According to the milling layers, we divided the life of the milling cutters into three cycles. The first cycle milled the fewest layers and the third cycle milled the most. We divide the audio into three parts, 1~300 audio files are in the first cycle, 301~600 audio files are in the second cycle, and 601~900 audio files are in the third cycle. After the audio is marked with a label, it will be divided into a training set and a test set. Figure 5 is the architecture diagram of DNN. According to the correlation coefficient, we select some of the MFCC features as the input of the DNN. The DNN has three hidden layers, each with 64 neurons. The output layer has three neurons, corresponding to the three life cycle stages. Audio files will be categorized into one of the cycles.

In addition, training parameters and the activation function affect the training time and training effect [20]. After testing, the batch size is 10 and the epoch is 300. The ReLU activation function works best. We chose it as the activation function for the life cycle model. After the model was trained, we would calculate the accuracy of the life cycle model. As shown in Figure 6, three colored dots represent audios with different life cycles. The range of values for each cycle is 1. From the first cycle to the third cycle, the range of value is 0 to 3. We calculated accuracy using the number of audios classified in the correct cycle and the total number of audios. Compared with other architectures, this DNN architecture has relatively good accuracy.

Table 2 is the correlation between MFCC features and tool loss. First, we judge the 14 features separately and then arrange the features of each sound file according to the order of the milling times of the tool. Finally, we can calculate the correlation between each feature and the number of times the tool has been milled. However, the correlation of some features is very low. In order to avoid features that are not related to the milling times of the tool from affecting the accuracy, the 14 features in this paper are reduced in order from low to high correlation, as shown in Table 3. Finally, it is calculated that the accuracy rate is the highest when 6 features are brought into the tool life cycle model, which can reach 76%. In addition, regarding the ratio of the training set and test set, as shown in Table 4, we tried 90% training and 10% testing, 80% training and 20% testing, and 70% training and 30% testing, and found that 80% training data and 20% testing data has the most accurate data.

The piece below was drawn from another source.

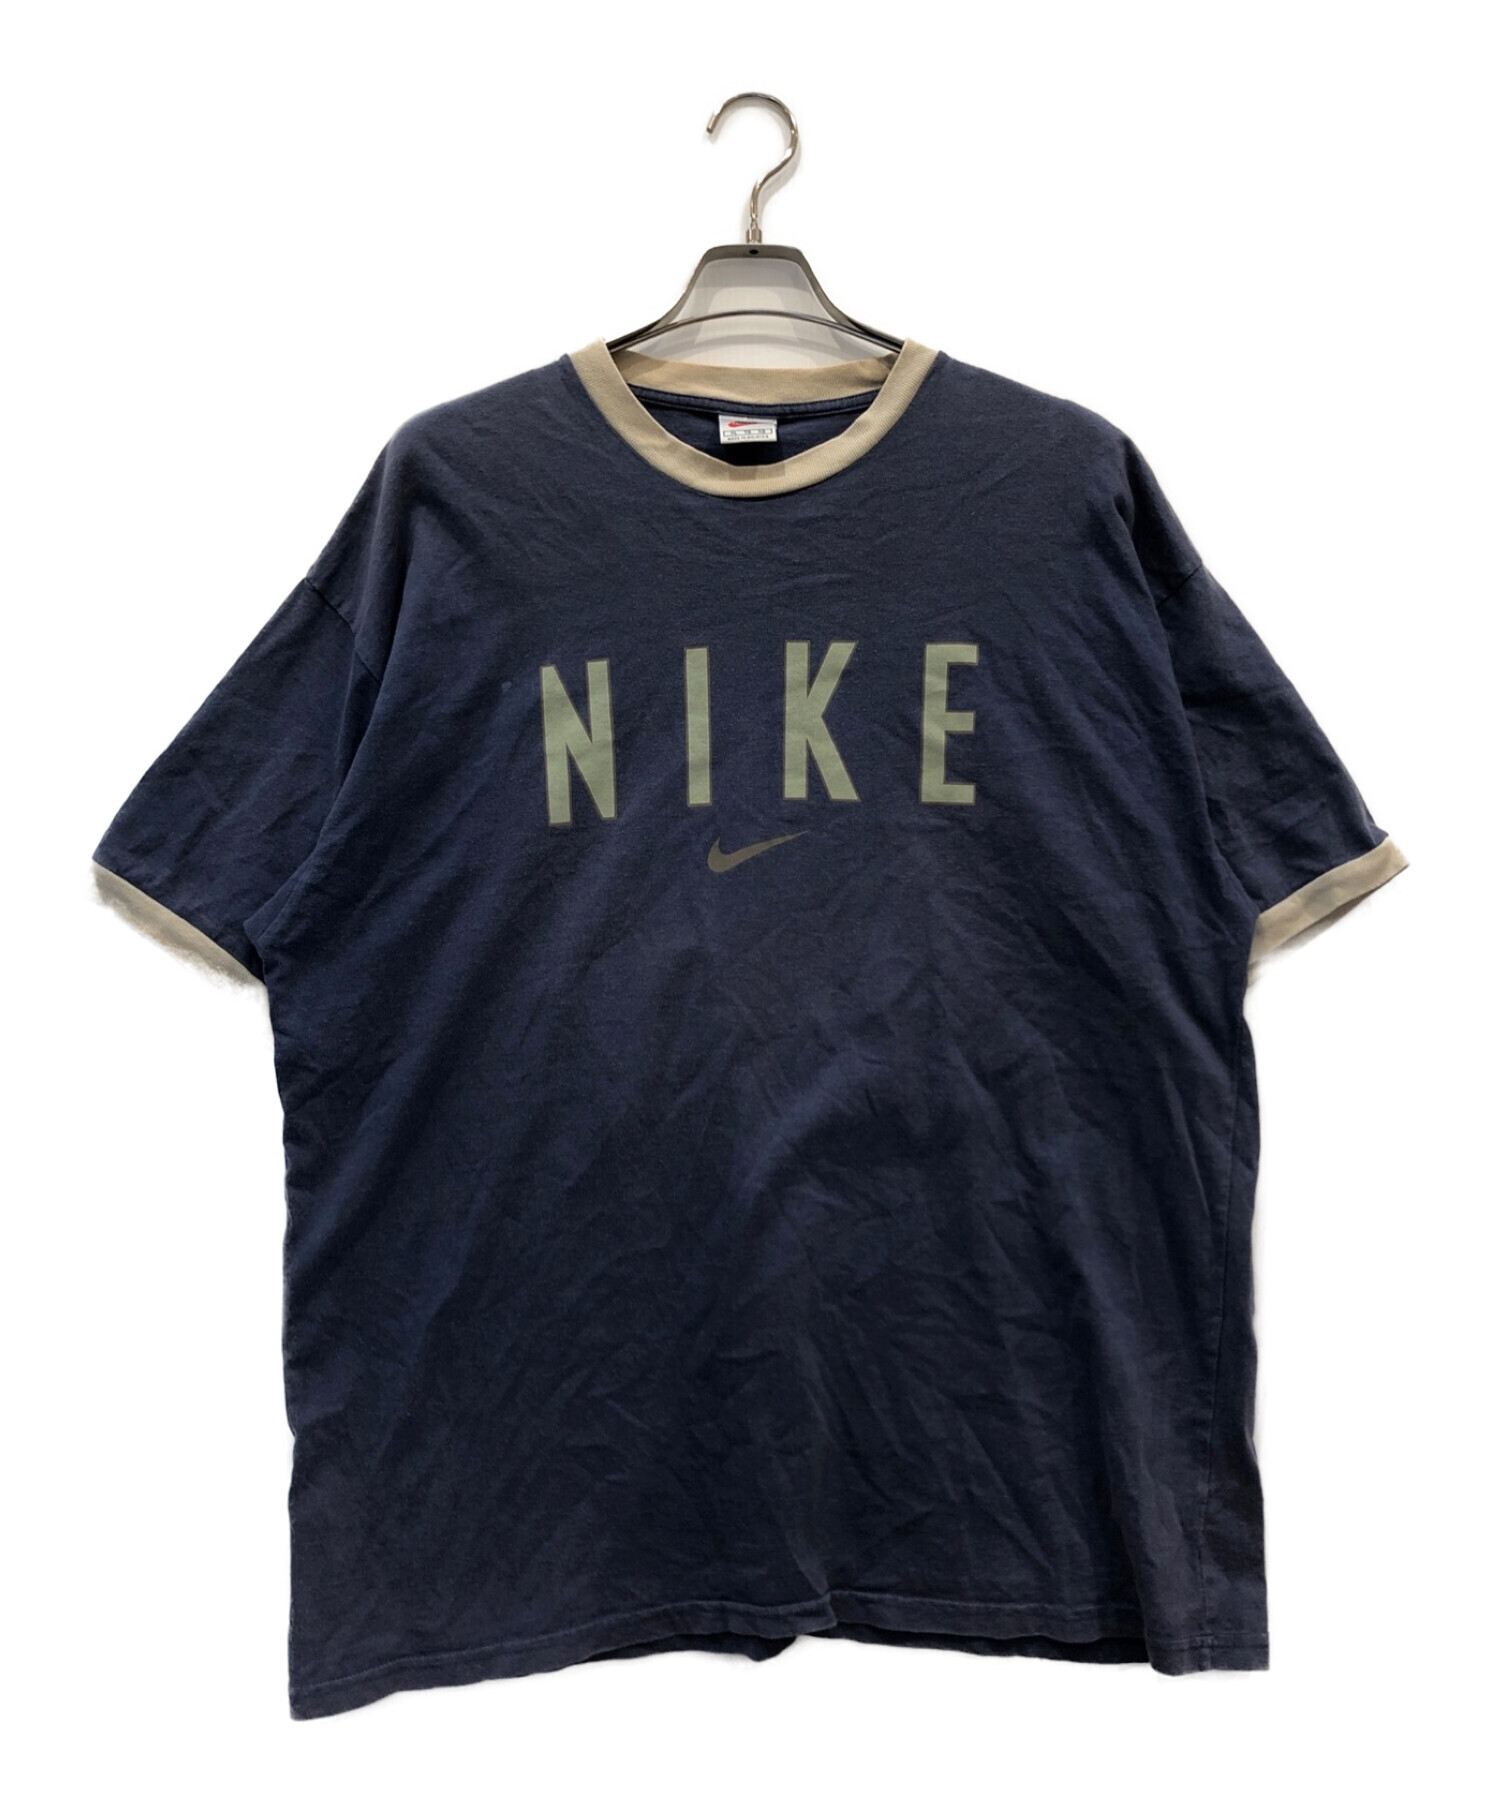 中古・古着通販】NIKE (ナイキ) 90sデカロゴリンガーTシャツ ネイビー 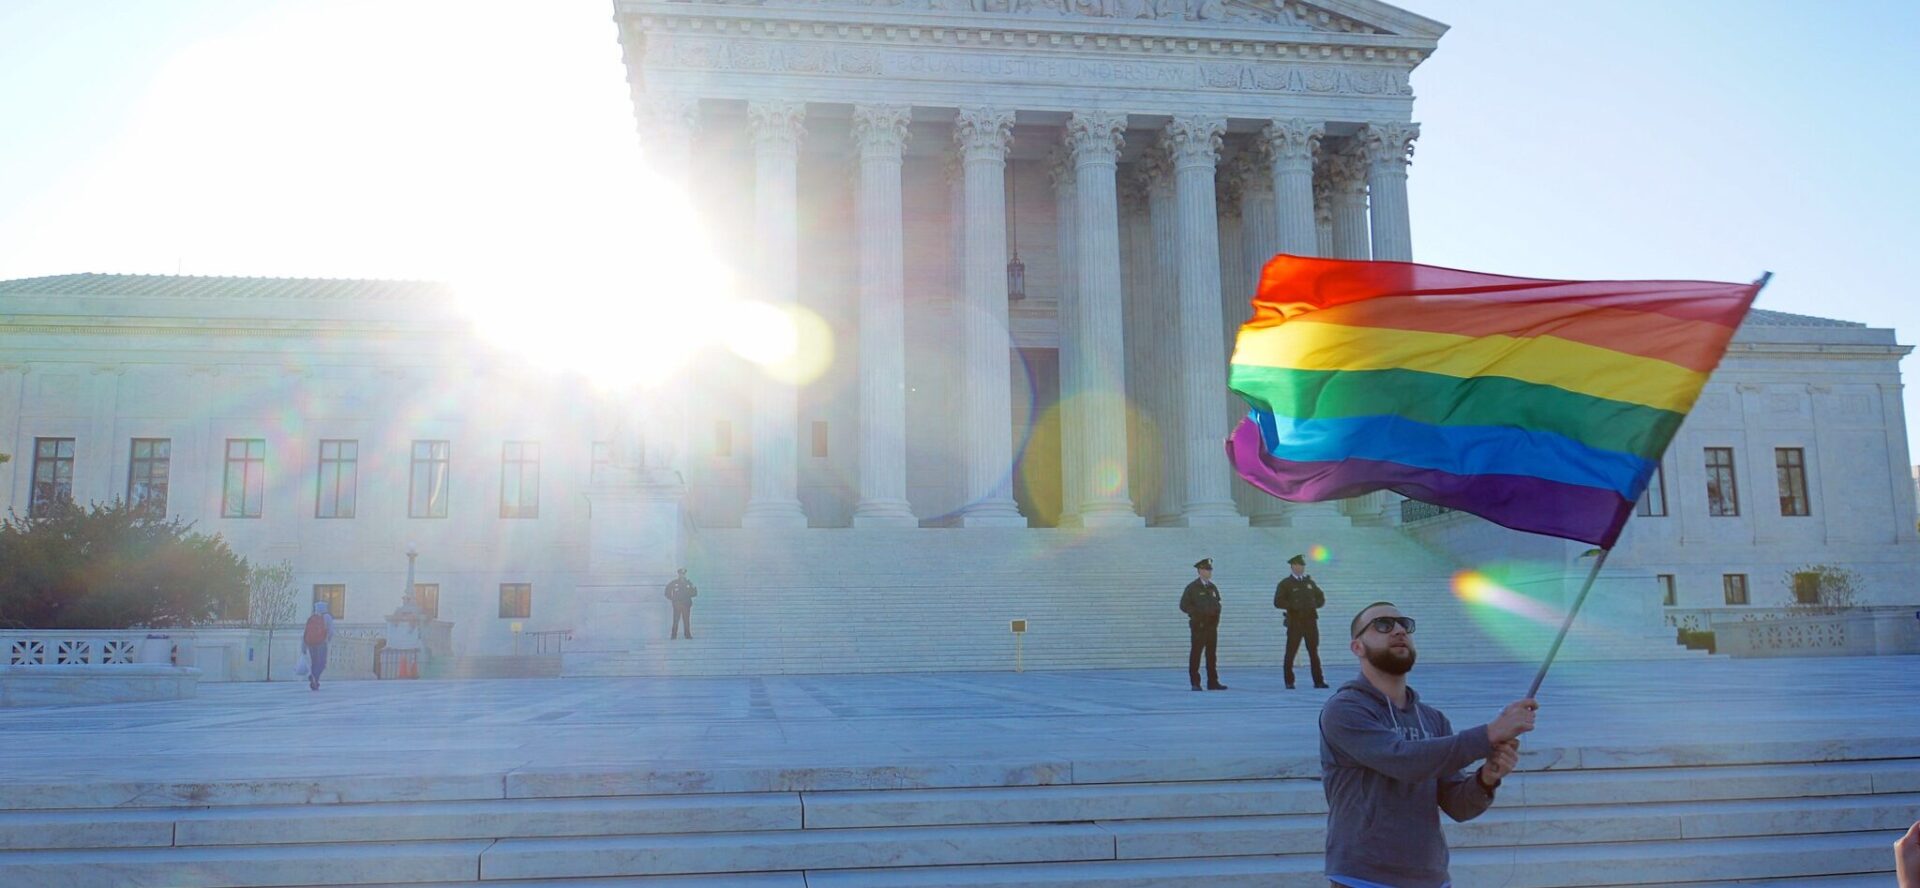 Le Sénat américain a approuvé le projet de loi sur le respect du mariage, 20 novembre 2022 | © Ted Eytan/Flickr/CC BY-SA 2.0

3. Noise Reduction Methodology

The audio of milling is similar to the audio of noise, and it is most noticeable in the low-frequency part, and the noise cannot be separated using ordinary low-frequency filters [21,22,23]. Moreover, the sound of processing sometimes varies greatly, which affects life cycle estimation. In this paper, mask-based supervised speech separation is used to formulate these problems as a supervised learning problem [24,25]. Figure 7 is a flowchart of the noise reduction model. This paper will first record the milling audio and noise, and then use them to generate the Optimal Ratio Mask (ORM) as the learning target of DNN [26,27]. In addition, this paper extracts the feature, PNCC, from the test signal as the input data of DNN. After DNN training is completed, the degree of noise suppression can be determined by features. Finally, we will use the PESQ and STOI to evaluate the effect of noise reduction.

We used the milling sound recorded without a fan on as the clean audio. Furthermore, we recorded the sound of the cooling fan when the machine tool was not milling as noise and mixed it with the milling sound at 10 db to get a noise-like signal. Finally, we create masks using clean audio and noisy audio. Mask is a commonly used method for noise reduction, which is usually trained by deep learning. First, add the clean signal to the known noise, after the calculation of the mask, and then enter the deep learning training, after obtaining the mask model of the relationship between the target audio and noise, the speech separation or signal enhancement can be achieved.

A signal (x) with additive noise (n) can be mathematically represented as:

y (t) = x (t) + n (t)

(6)

After Fourier transforming Equation (6), we get Equation (7):

Y (t, f) = X (t, F) + N (t, f)

(7)

Each time-frequency unit is called a TF unit. In the frequency domain, the value of each TF unit falls in the complex domain. From the perspective of amplitude, it is necessary to restore |X|, and the Mask matrix should be as follows:

M = \frac{| X |}{| Y |} = \frac{| X |}{| X | + | N |}

(8)

IRM calculates the energy ratio of each TF-unit signal and noise and adjusts the energy of the TF-unit. IRM reflects the degree of noise suppression of each TF unit, which can further improve the quality of the separated audio. The equation of IRM is as follows:

I R M (t, f) = {(\frac{{| S (t, f) |}^{2}}{{| S (t, f) |}^{2} + {| N (t, f) |}^{2}})}^{β}

(9)

The value range of

I R M (t, f)

is between 0 and 1, and β is usually 0.5.

{| S (t, f) |}^{2}

and

{| N (t, f) |}^{2}

are the signal and noise energy values in the TF unit.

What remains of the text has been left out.